Nestled in a lush, quiet valley deep in the rugged Wicklow Mountains, among two lakes and acres of windswept heather, Gleann dá Loch ("glen of two lakes") is one of Ireland's premier monastic sites. The hermit monks of early Christian Ireland were drawn to the Edenlike quality of some of the valleys in this area, and this evocative settlement remains to this day a sight to calm a troubled soul. Stand here in the early morning (before the crowds and the hordes of students arrive), and you can appreciate what drew the solitude-seeking St. Kevin to this spot. St. Kevin—Coemgen, or "fair begotten," in Irish—was a descendant of the royal house of Leinster who renounced the world and came here to live as a hermit before opening the monastery in 550. Glendalough then flourished as a monastic center until 1398, when English soldiers plundered the site, leaving the ruins that you see today.
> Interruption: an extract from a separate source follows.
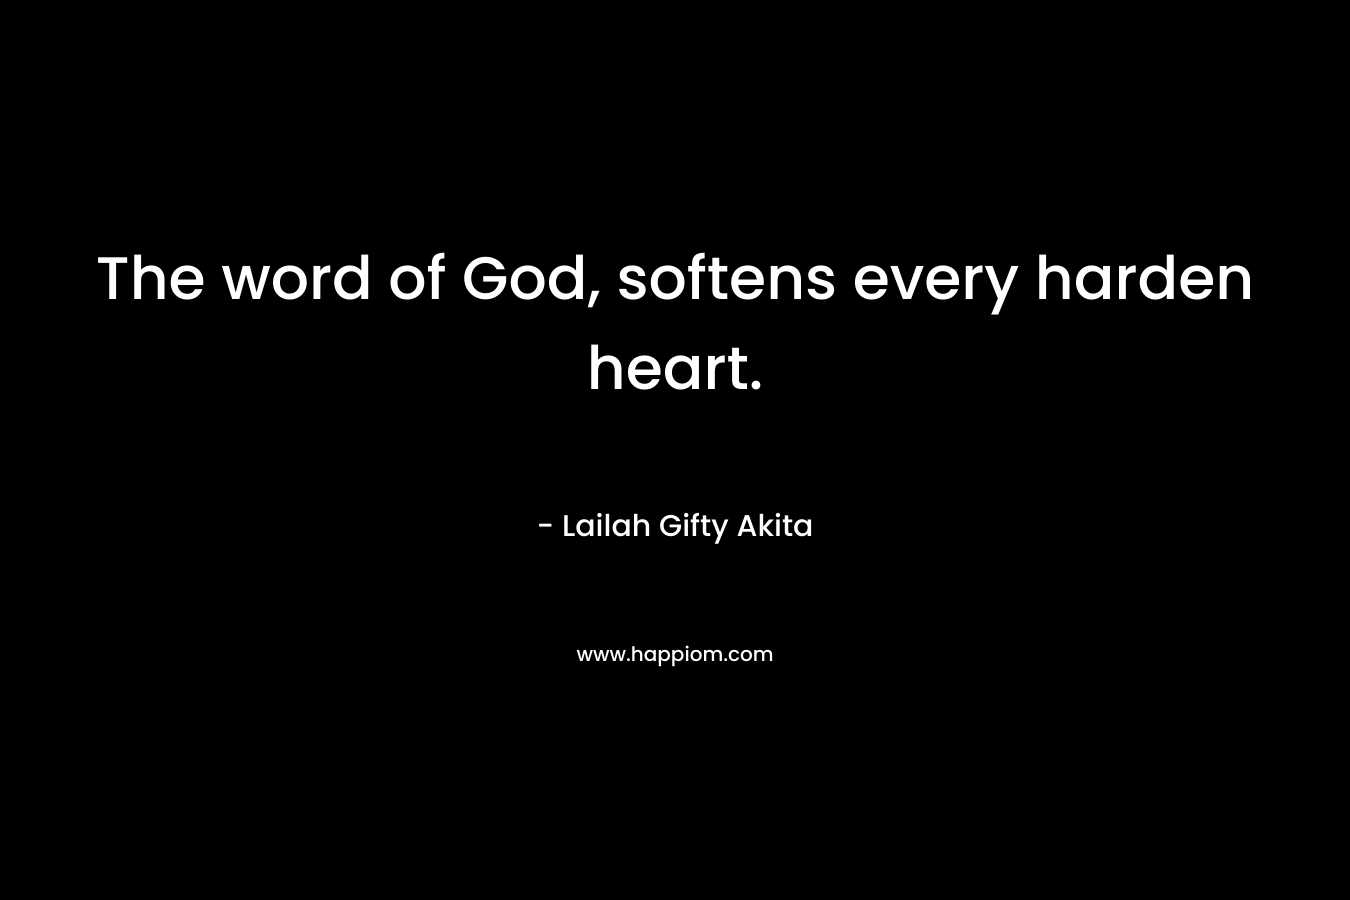 The word of God, softens every harden heart. – Lailah Gifty Akita

Glendalough's visitor center is a good place to orient yourself and pick up a useful pamphlet. Many of the ruins are clumped together beyond the visitor center, but some of the oldest surround the Upper Lake, where signed paths direct you through spectacular scenery devoid of crowds. Most ruins are open all day and are freely accessible.
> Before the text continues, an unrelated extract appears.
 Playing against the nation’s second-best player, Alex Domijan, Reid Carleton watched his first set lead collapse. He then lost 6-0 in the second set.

Probably the oldest building on the site, presumed to date from St. Kevin's time, is the Teampaill na Skellig (Church of the Oratory), on the south shore of the Upper Lake. A little to the east is St. Kevin's Bed, a tiny cave in the rock face, about 30 feet above the level of the lake, where St. Kevin lived his hermit's existence. It's not easily accessible; you approach the cave by boat, but climbing the cliff to the cave can be dangerous. At the southeast corner of the Upper Lake is the 11th-century Reefert Church, with the ruins of a nave and a chancel. The saint also lived in the adjoining, ruined beehive hut with five crosses, which marked the original boundary of the monastery. You get a superb view of the valley from here.
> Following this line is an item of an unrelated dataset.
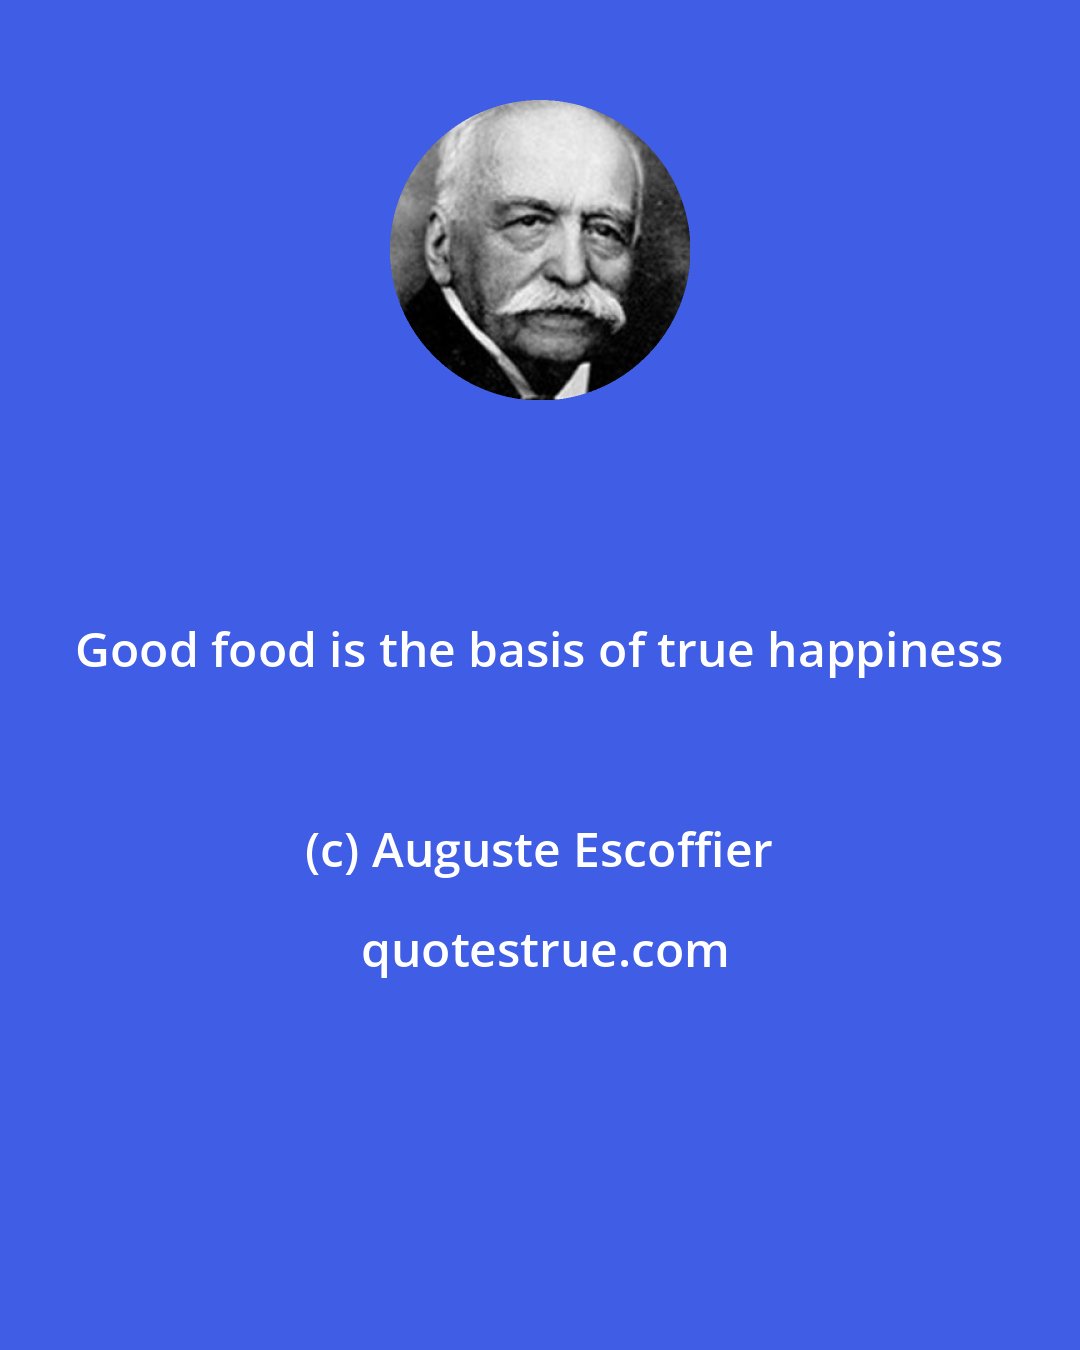 Auguste Escoffier: Good food is the basis of true happiness

The ruins by the edge of the Lower Lake are the most important of those at Glendalough. The gateway, beside the Glendalough Hotel, is the only surviving entrance to an ancient monastic site anywhere in Ireland. An extensive graveyard lies within, with hundreds of elaborately decorated crosses, as well as a perfectly preserved six-story round tower. Built in the 11th or 12th century, it stands 100 feet high, with an entrance 25 feet above ground level.
The largest building at Glendalough is the substantially intact 7th- to 9th-century cathedral, where you can find the nave (small for a large church, only 30 feet wide by 50 feet long), chancel, and ornamental oolite limestone window, which may have been imported from England. South of the cathedral is the 11-foot-high Celtic St. Kevin's Cross. Made of granite, it's the best-preserved such cross on the site. St. Kevin's Church is an early barrel-vaulted oratory with a high-pitched stone roof.